AVAILABLE DATA Start Marker

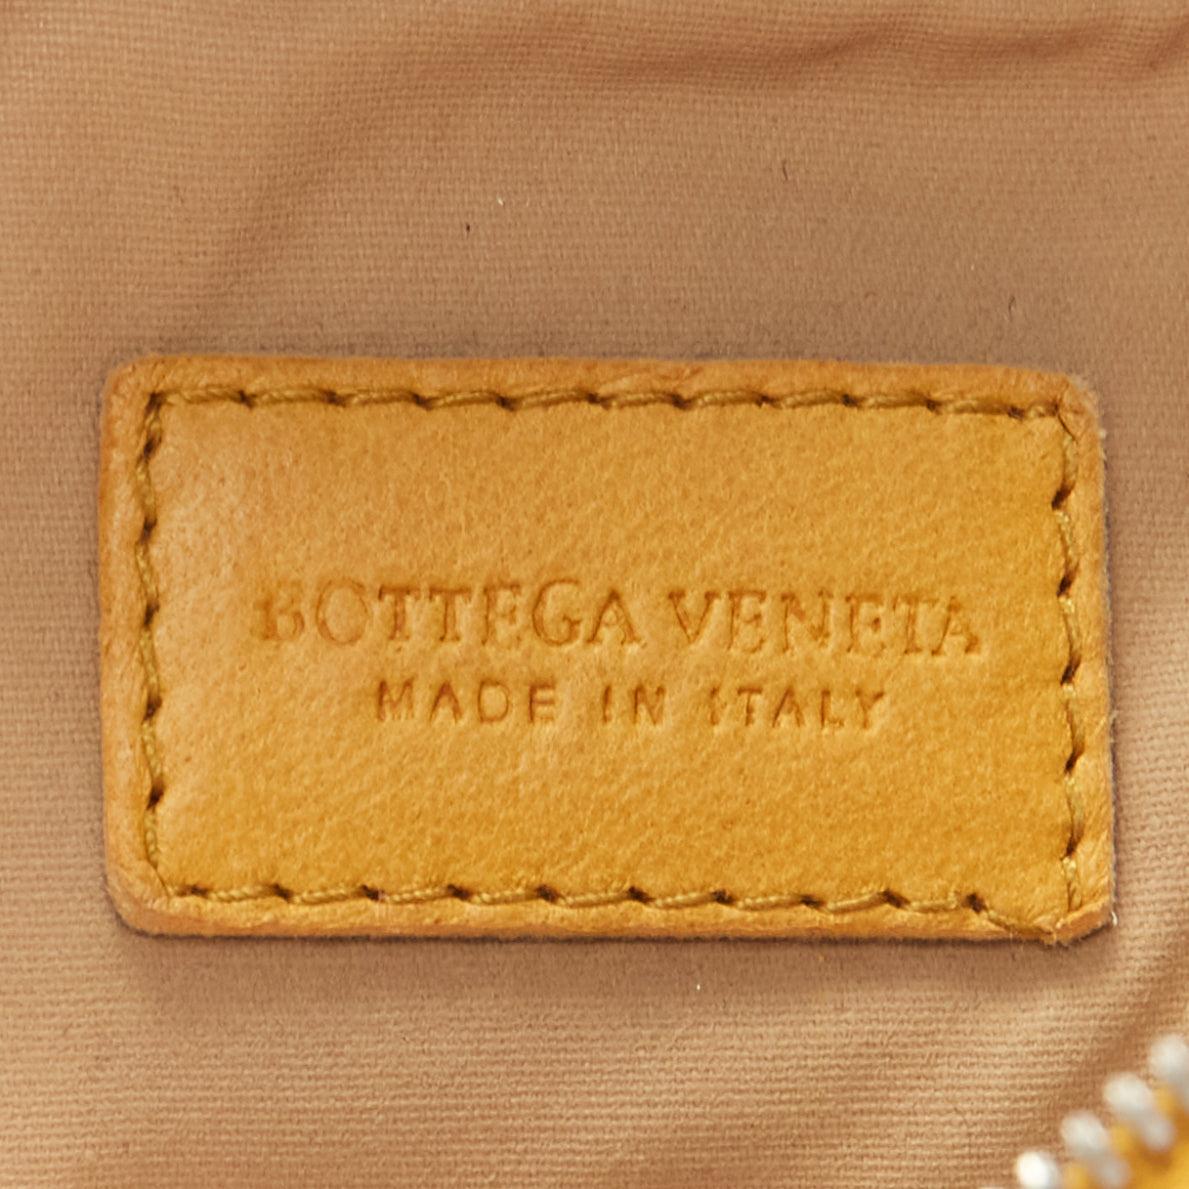 BOTTEGA VENETA butter yellow intrecciato woven silver chain wrist pouch bag For Sale 4
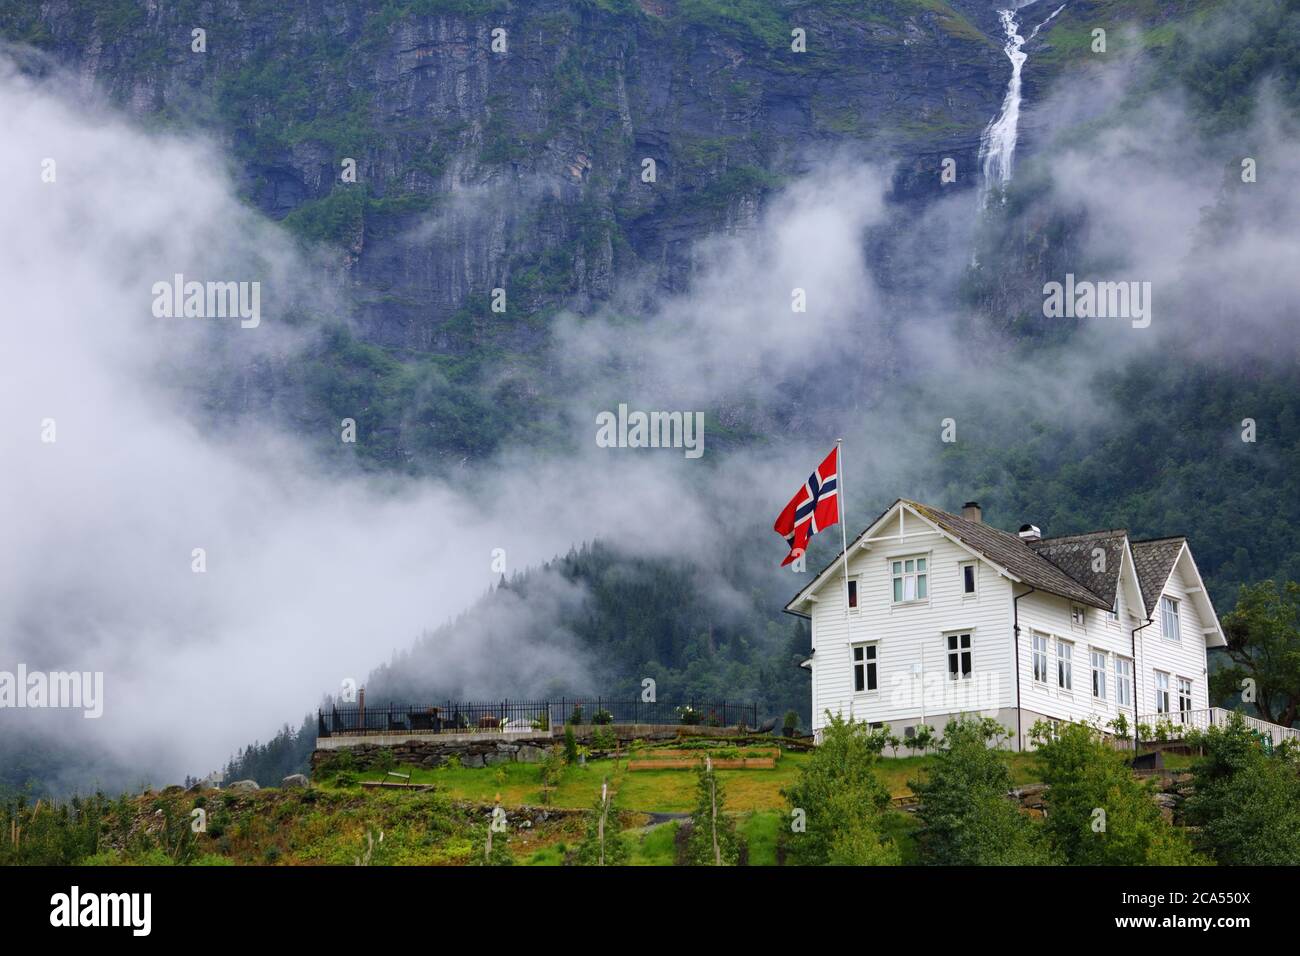 Ullensvang Stadt in Norwegen. Neblige Berge und ein Wasserfall. Norwegische Landschaft. Stockfoto
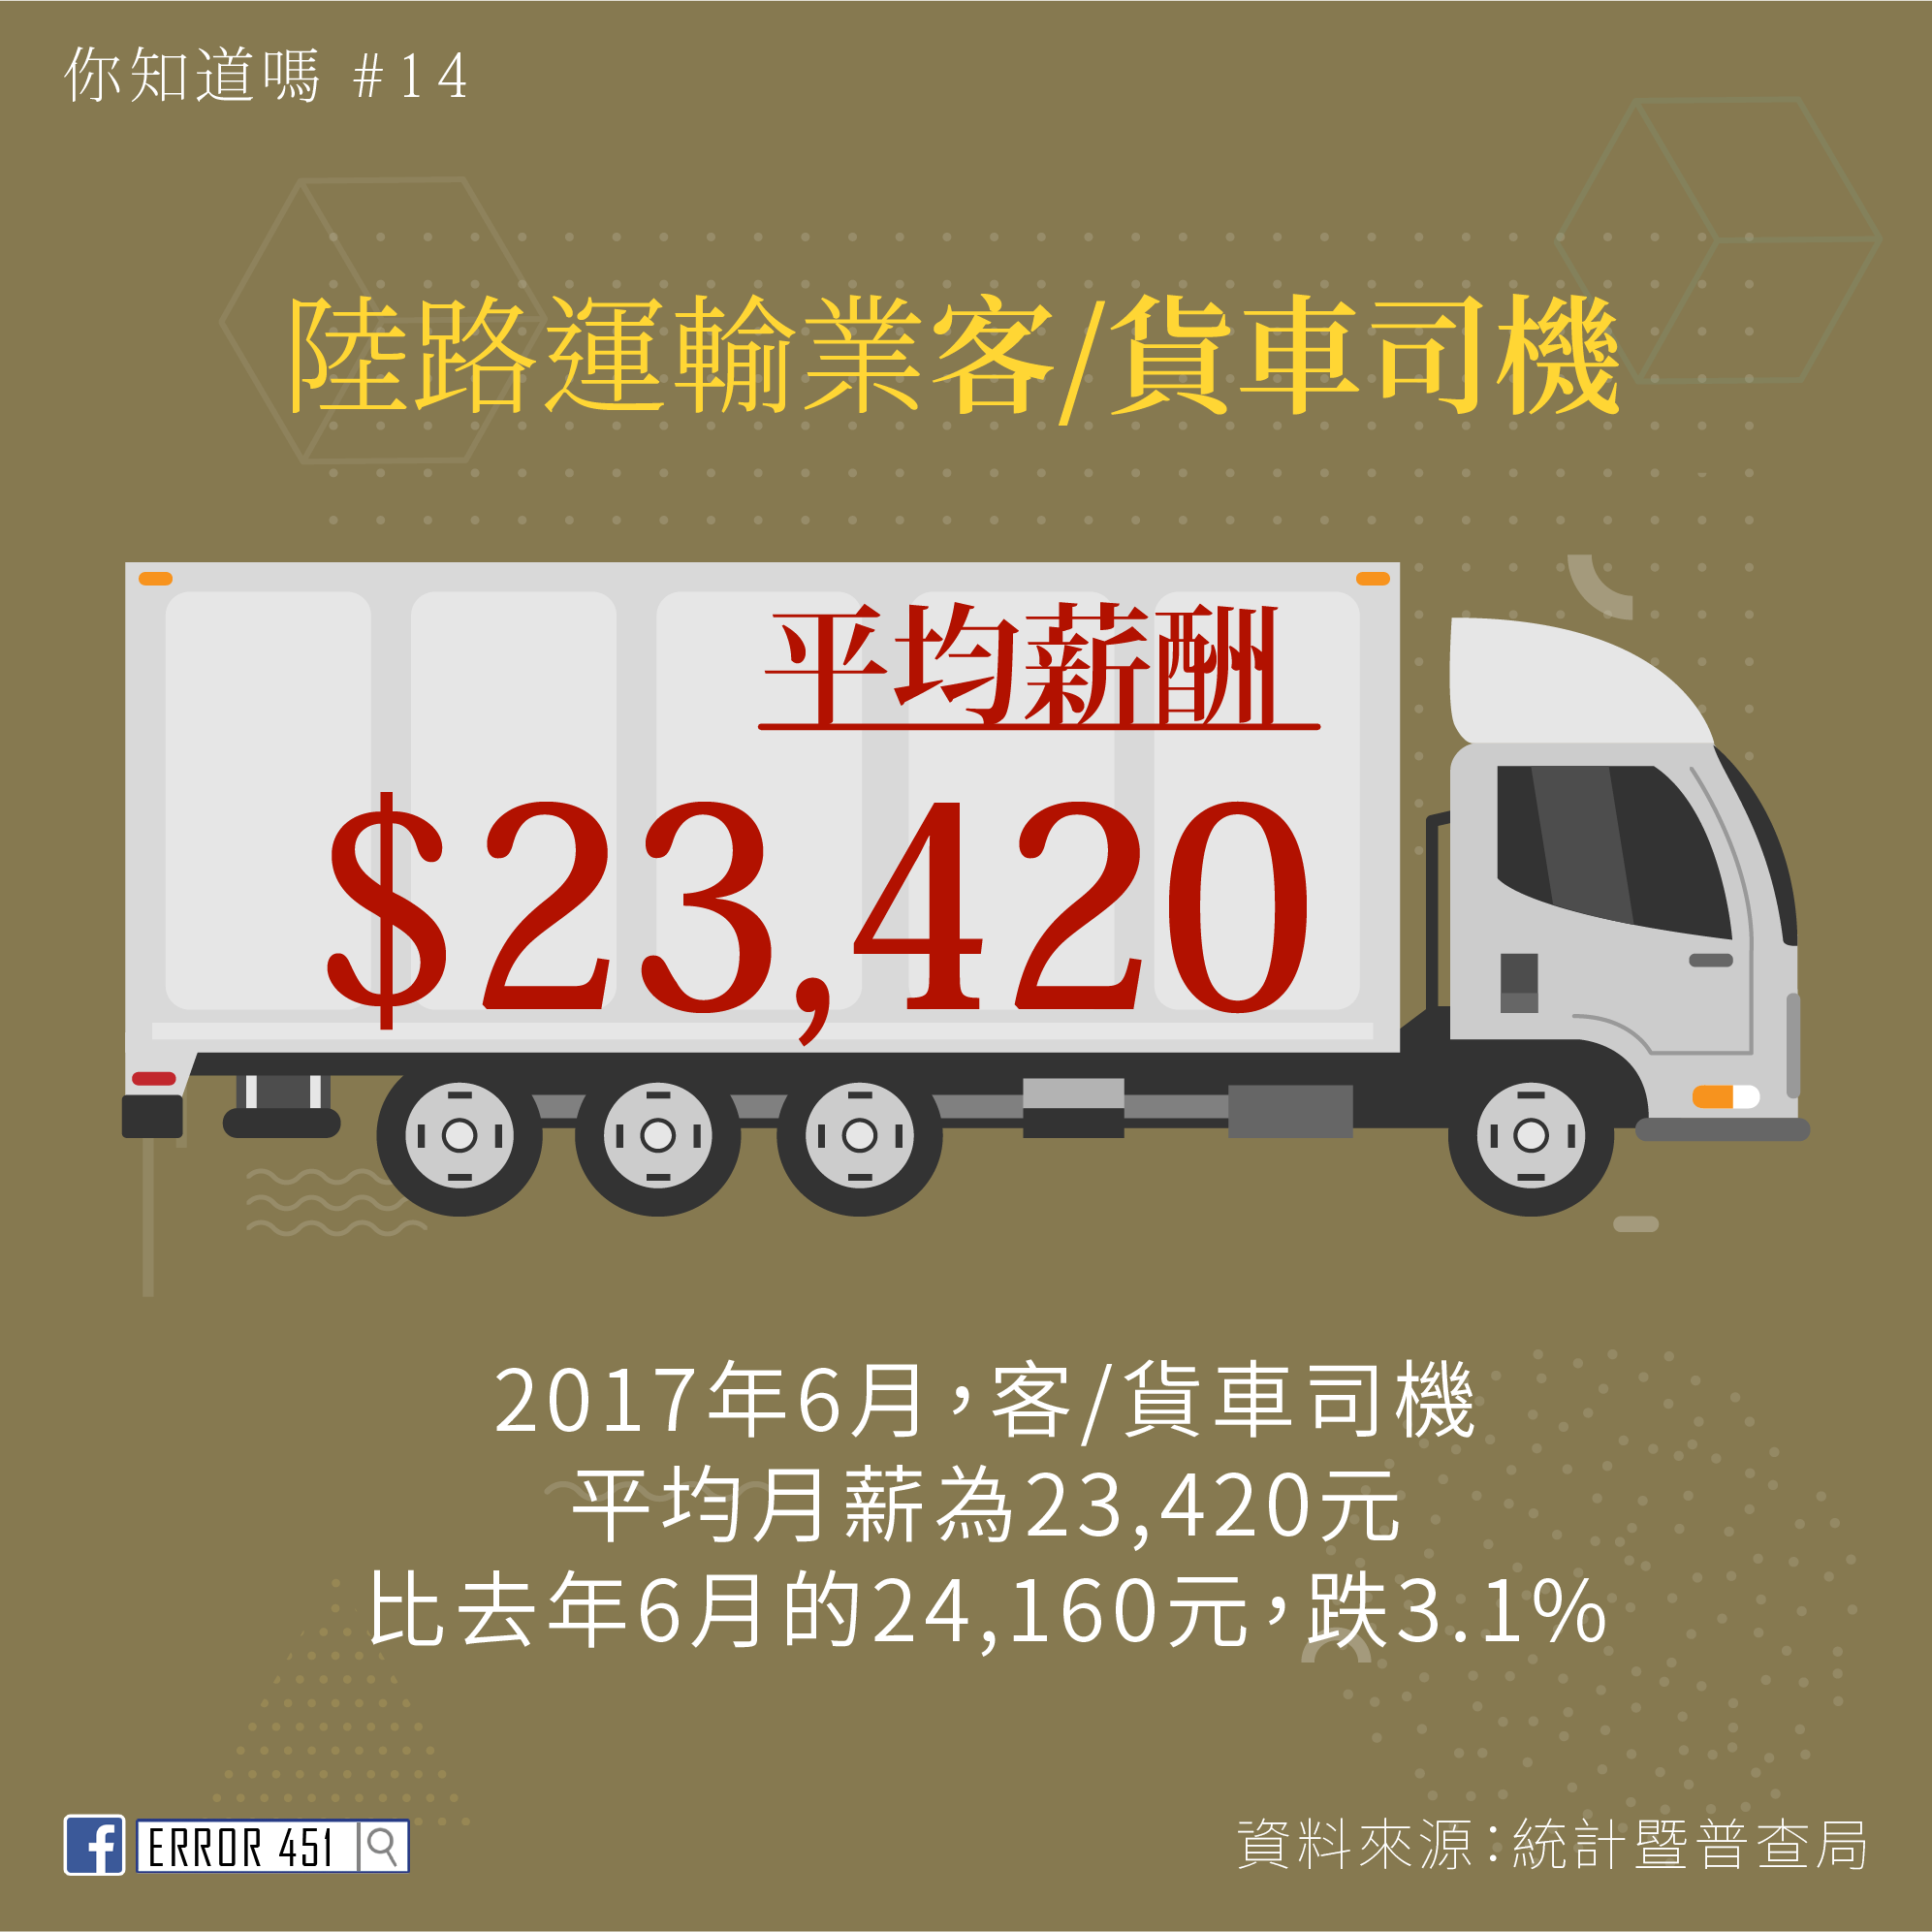 陸路運輸業客/貨車司機平均薪酬 $23,400
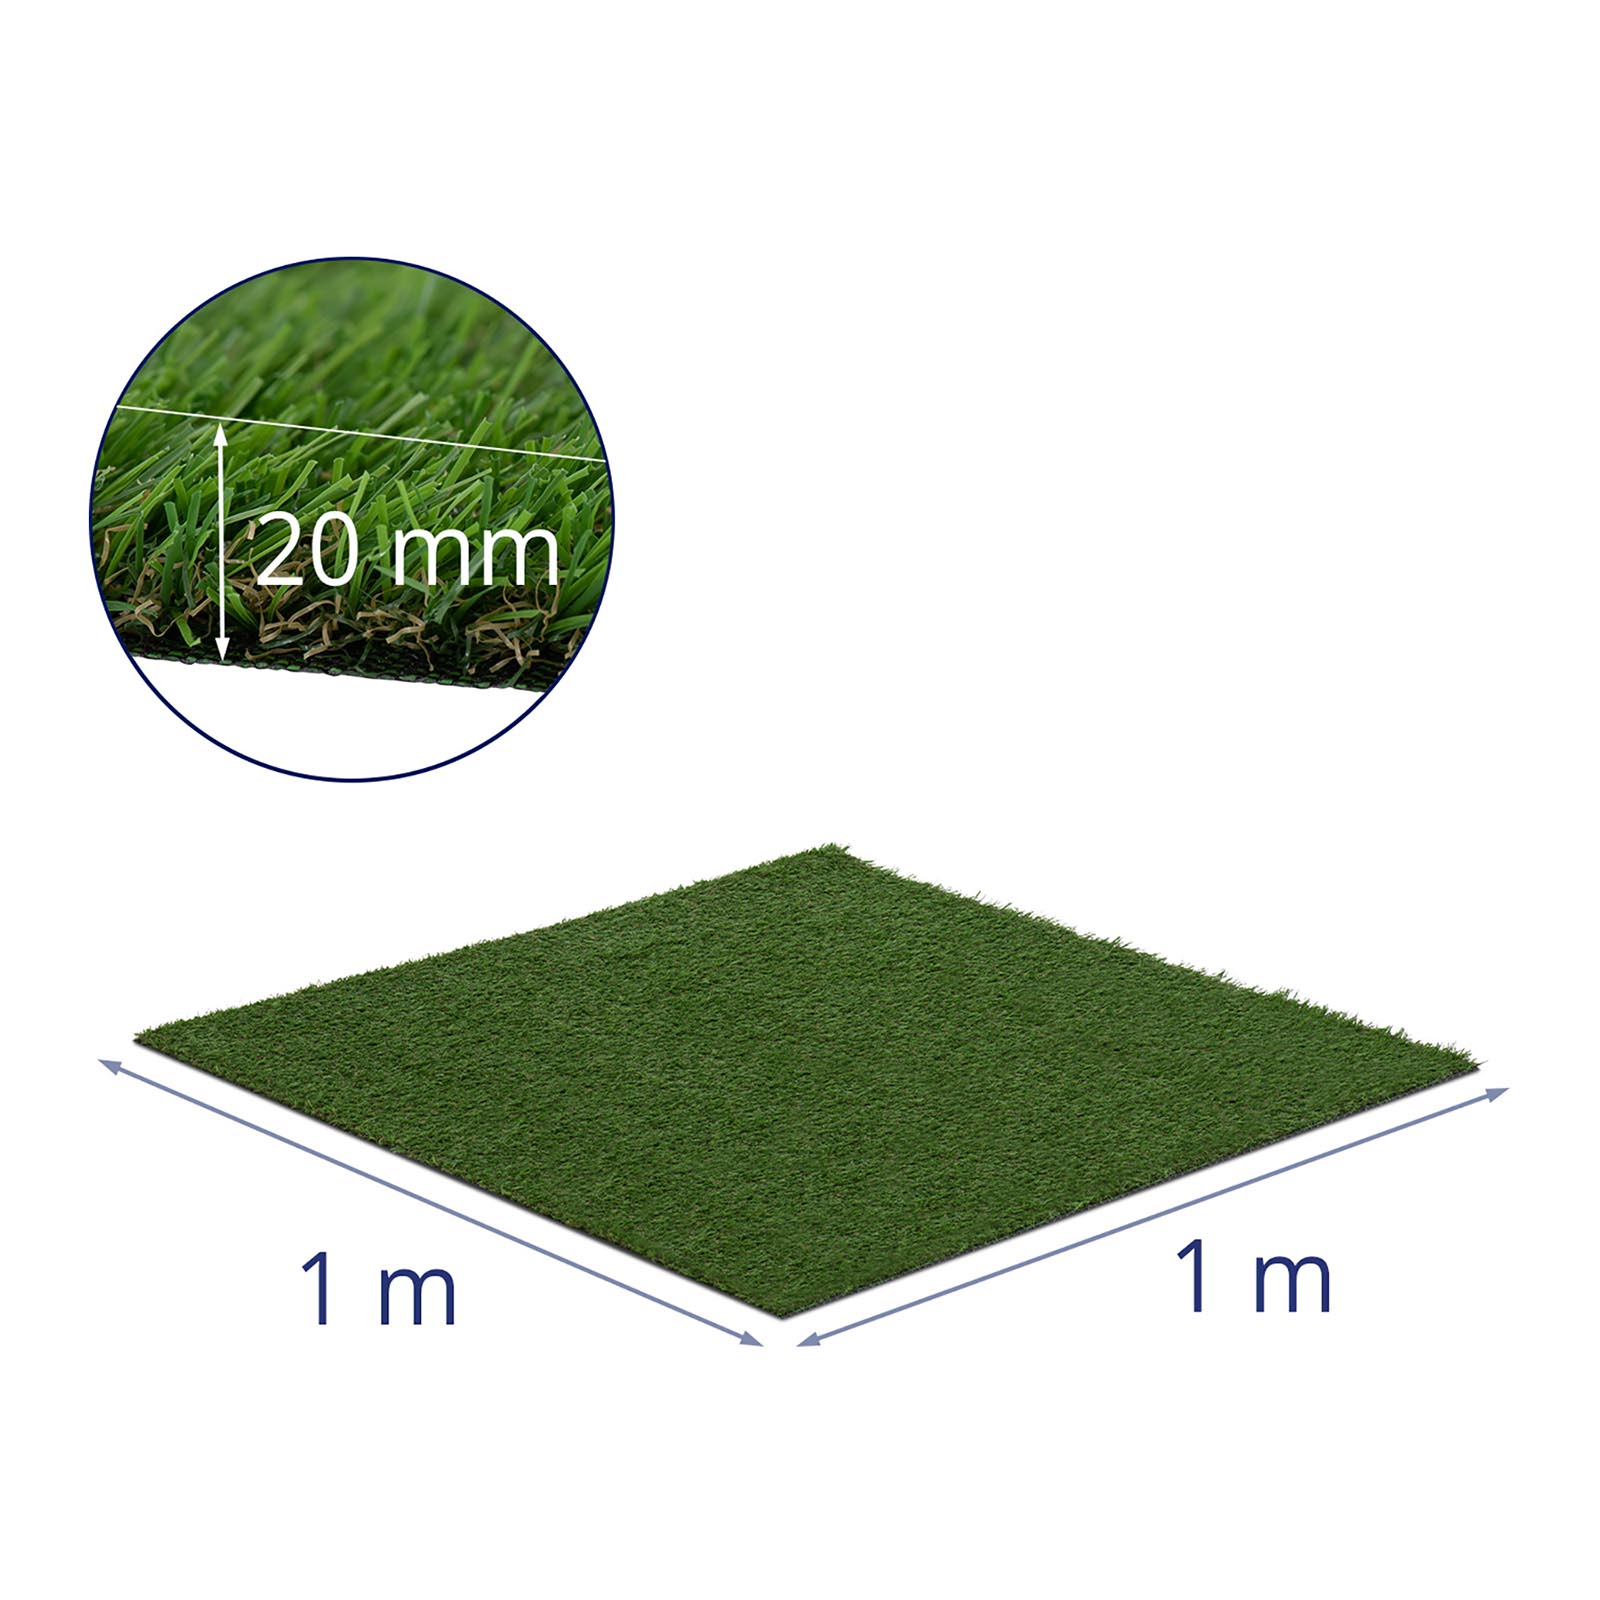 Umělá tráva - sada 5 kusů - 100 x 100 cm - výška: 20 mm - počet stehů: 13/10 cm - odolná proti UV záření.

AVAILABLE DATA End Marker

* [EXERCISE REQUIREMENTS]: What is needed is an exact copy of all the data, with no images in it.

* [SOLUTION BELOW]:
 BOTTEGA VENETA butter yellow intrecciato woven silver chain wrist pouch bag For Sale 4
 Ullensvang Stadt in Norwegen. Neblige Berge und ein Wasserfall. Norwegische Landschaft. Stockfoto
 陸路運輸業客/貨車司機平均薪酬 $23,400
 Umělá tráva - sada 5 kusů - 100 x 100 cm - výška: 20 mm - počet stehů: 13/10 cm - odolná proti UV záření.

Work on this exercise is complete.